Friday, July 10, 2015
Erignac Amphitheater (13 rue de l'Université)
Klaus Armingeon , University of Bern
Stefano Sacchi , University of Milan
Democracy requires that elected governments enjoy room of maneuvre in important policy fields such as economic and social policy, although within the constraints posed by international regimes. Such room of maneuvre has been curtailed in the wake of the crisis, and – for Eurozone members – severe austerity policies. The paper provides a comparison of Italy, Germany and Switzerland. After over a decade of fiscal restraint and still mounting debt/GDP ratio due to no economic growth, Italy claims to have a room of maneuvre, but does not really have it.

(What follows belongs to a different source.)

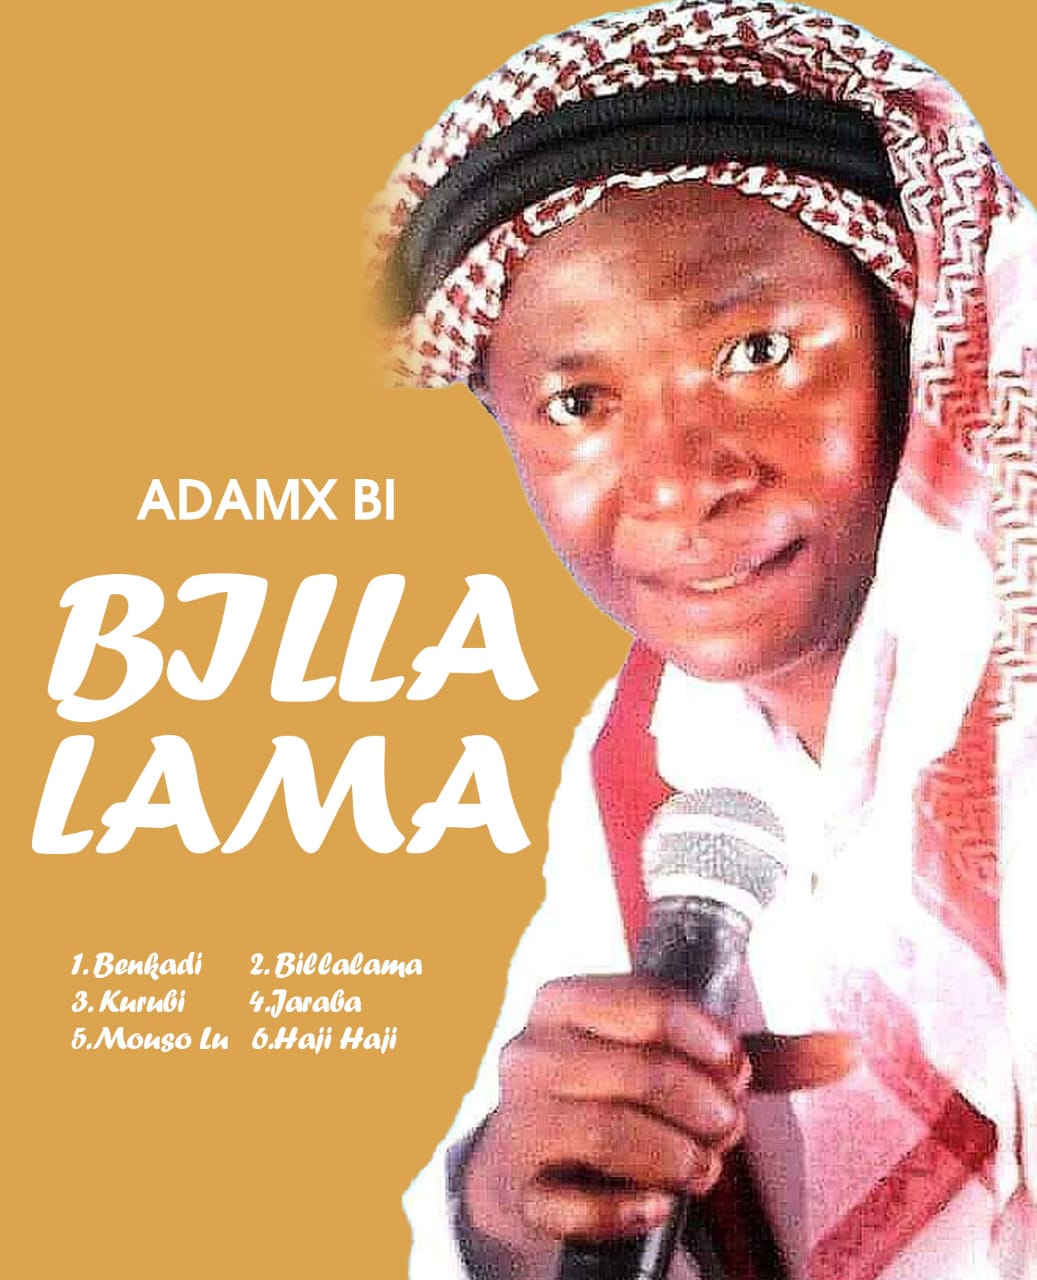 BILLALAMA by Adamx Bi | Album

Conversely, Germany claims not to have  room of maneuvre, although it would have it and does not use it, sticking to its policy choices as if there were no alternative to restraint of internal demand. Geographically squeezed between Germany and Italy, but outside the EU and the Eurozone, Switzerland avoided the problems facing Germany and Italy, also by institutional domestic means; but it is forced by those same means and the underlying distribution of political power onto a policy path which is similar to that of Germany and Italy. The paper analyzes if and to what extent policy choices are still available. It  highlights how in all three cases rather than being a game-changer, the crisis has accelerated and brought to the fore already existing trends, as the pre-crisis political decisons have been decisive in structuring responses to the crisis, the political consequences of those and the foreseeable fate of democracy after the crisis.
Paper
  • 2015 07 01 Armingeon Sacchi Three roads to austerity.pdf (356.8 kB)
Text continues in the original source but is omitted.